━━ Supplied information

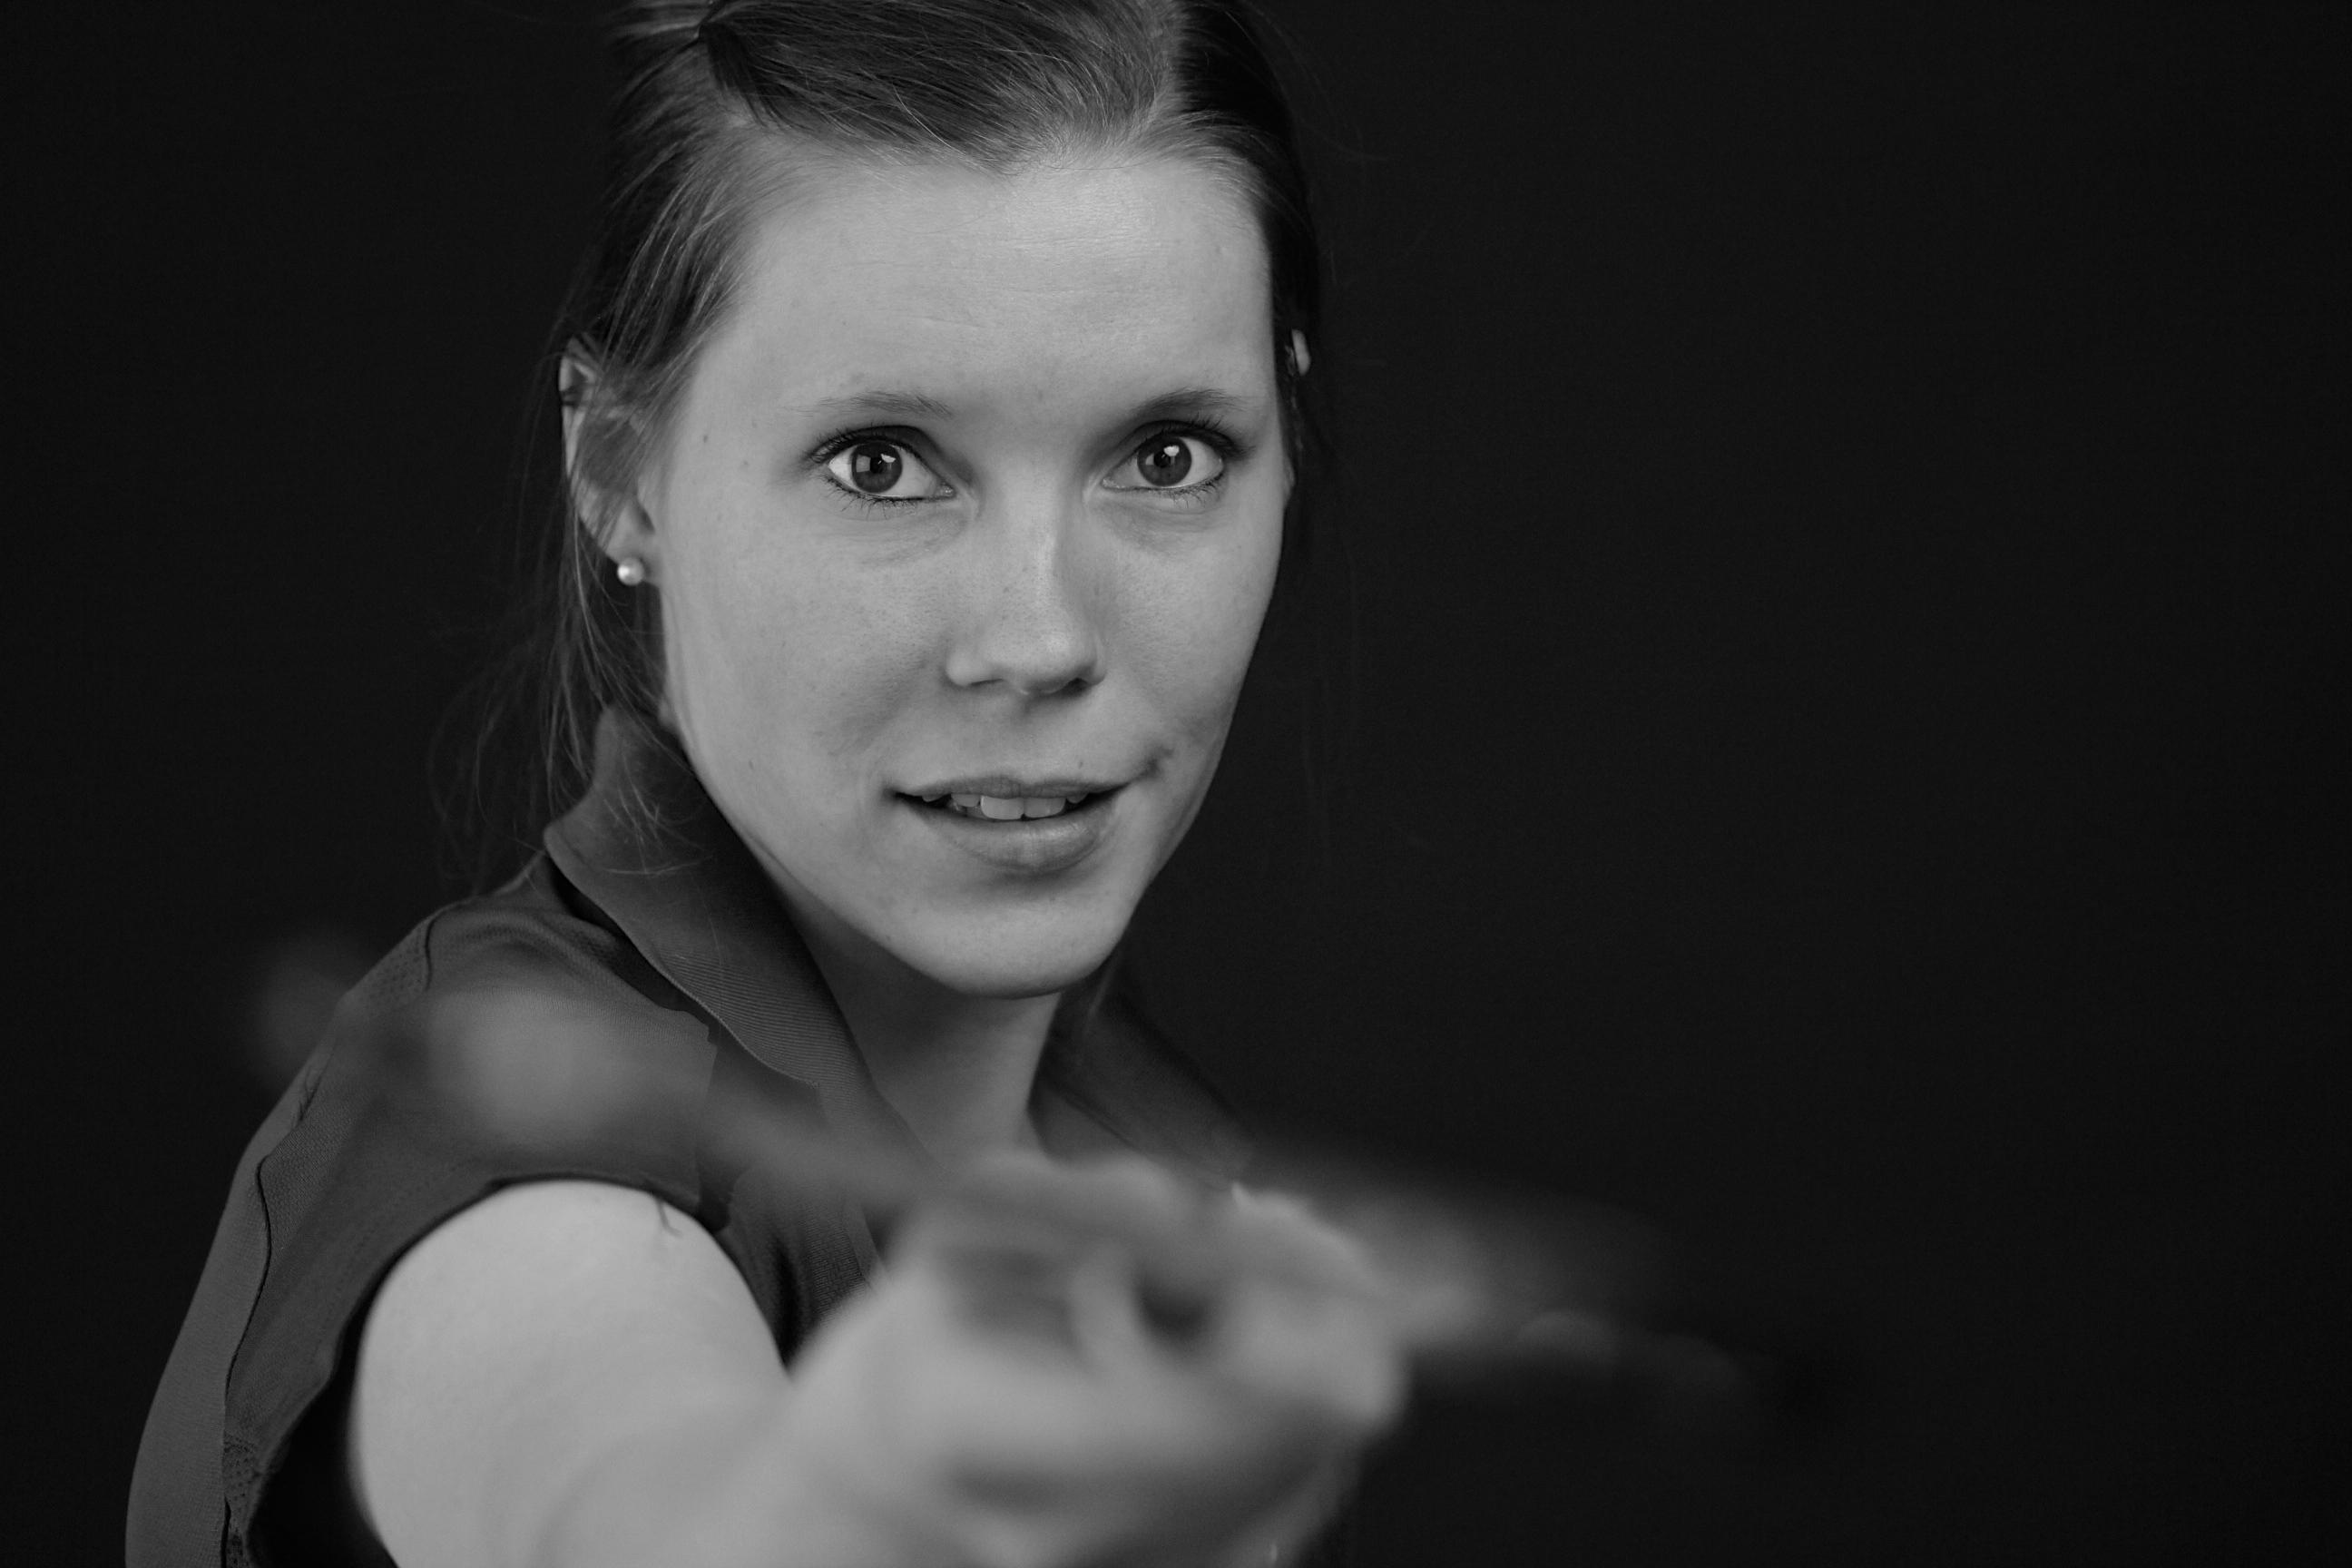 Astrid Ritter, 2013-5
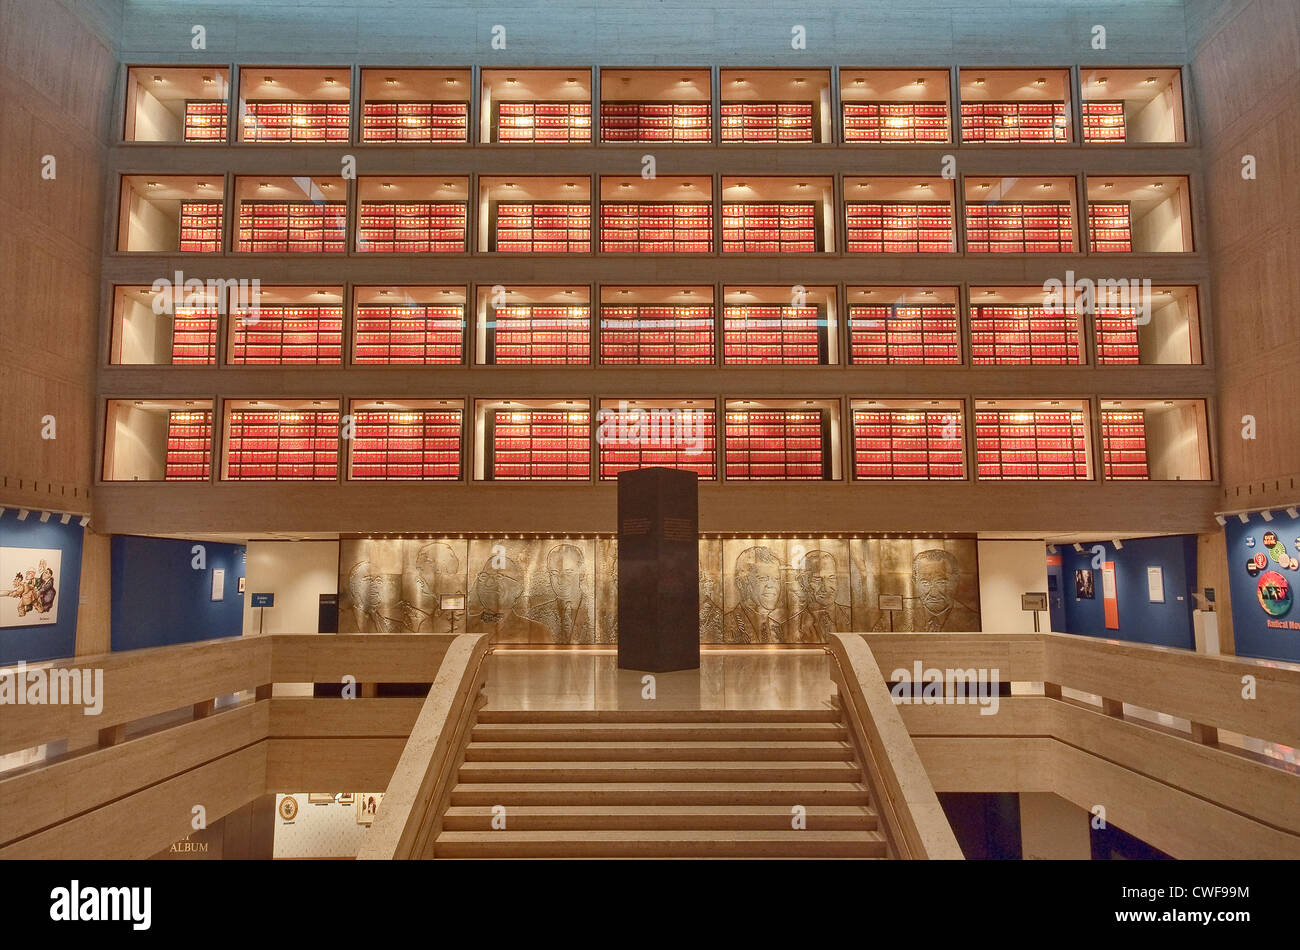 Archiv Abschnitt über Burgsaal Lyndon Baines Johnson Library and Museum (LBJ Library) in Austin, Texas, USA Stockbild
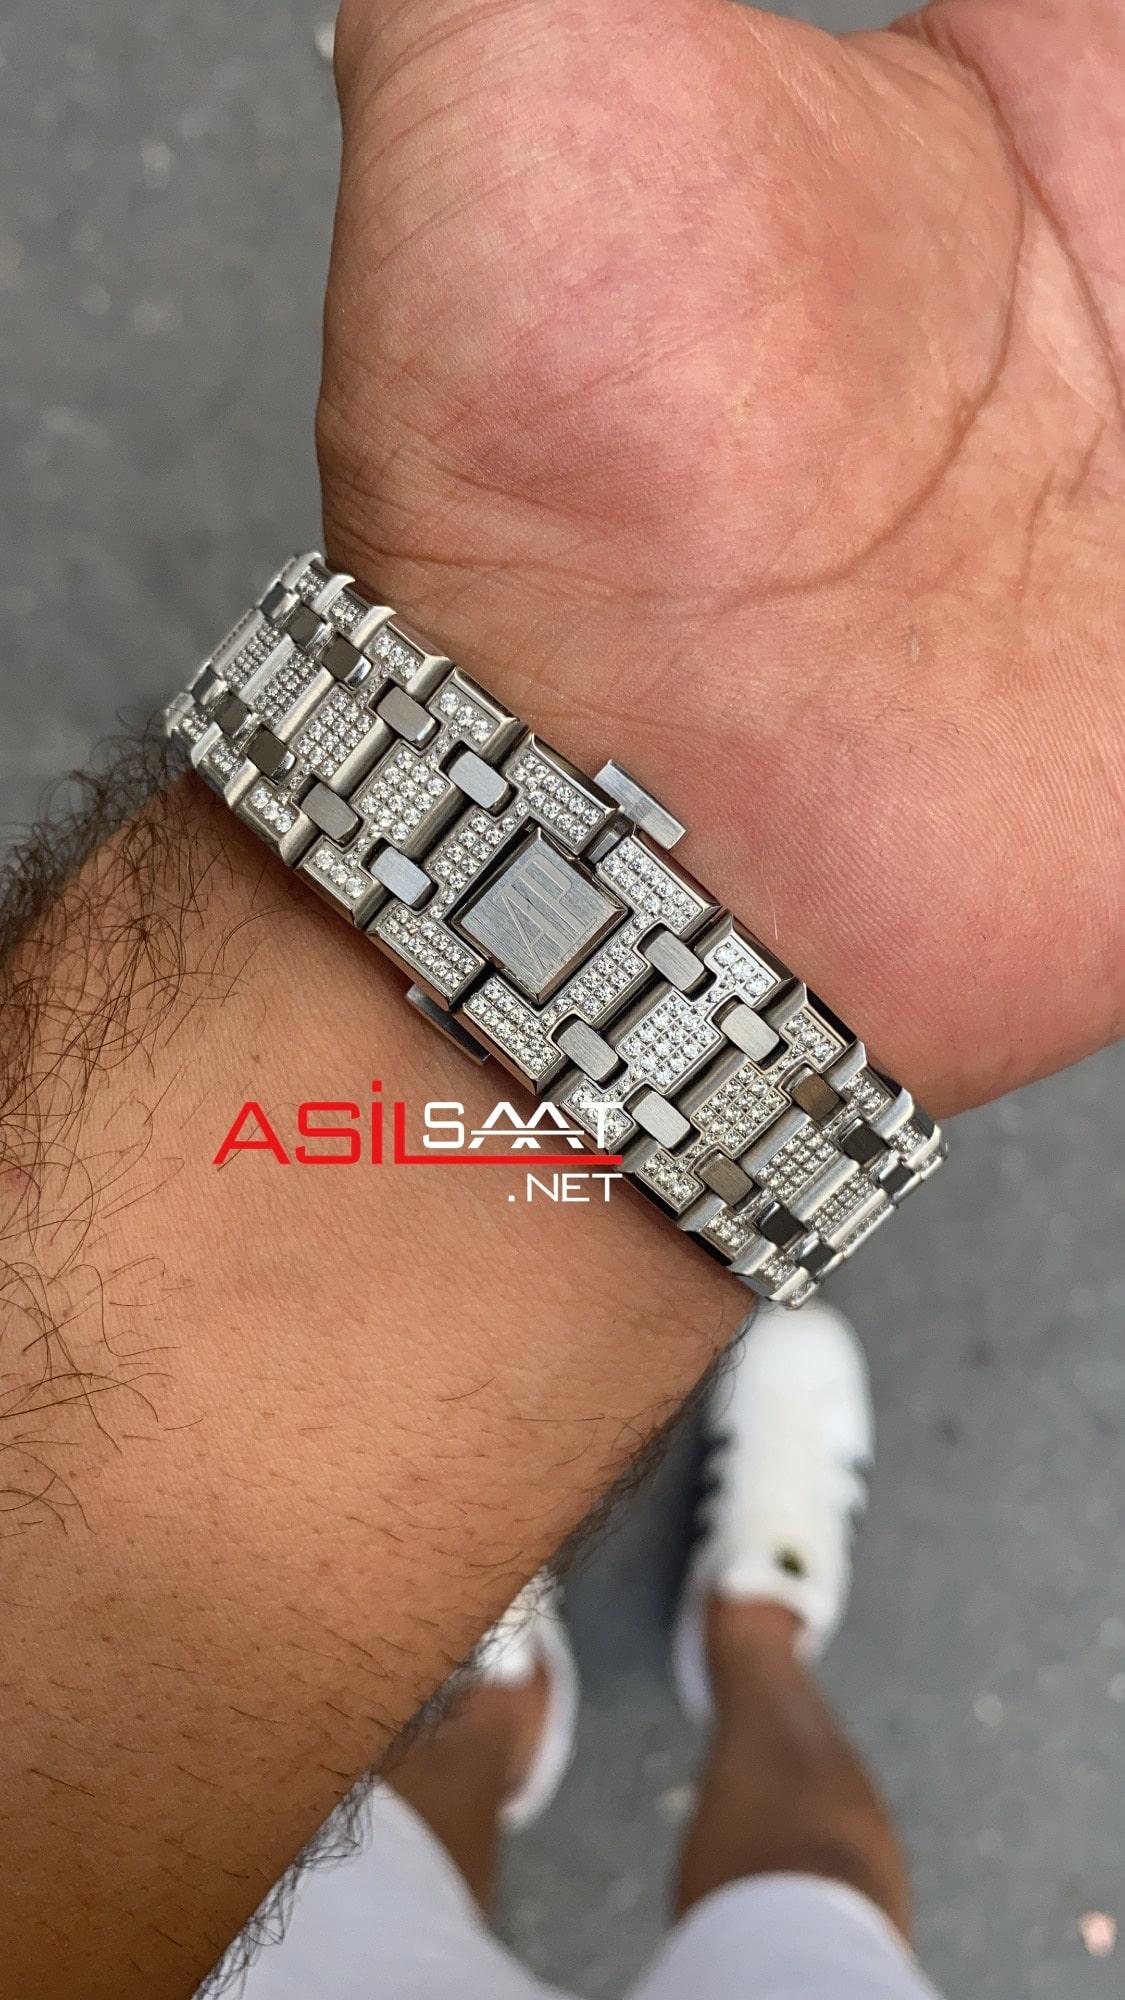 Audemars Piguet Royal Oak Diamond APRD007

━━━━

**Exercise**
Once the pictures are set aside, please reproduce the remaining material word for word.

**Finished task**
 Astrid Ritter, 2013-5
 Archiv Abschnitt über Burgsaal Lyndon Baines Johnson Library and Museum (LBJ Library) in Austin, Texas, USA Stockbild
 Audemars Piguet Royal Oak Diamond APRD007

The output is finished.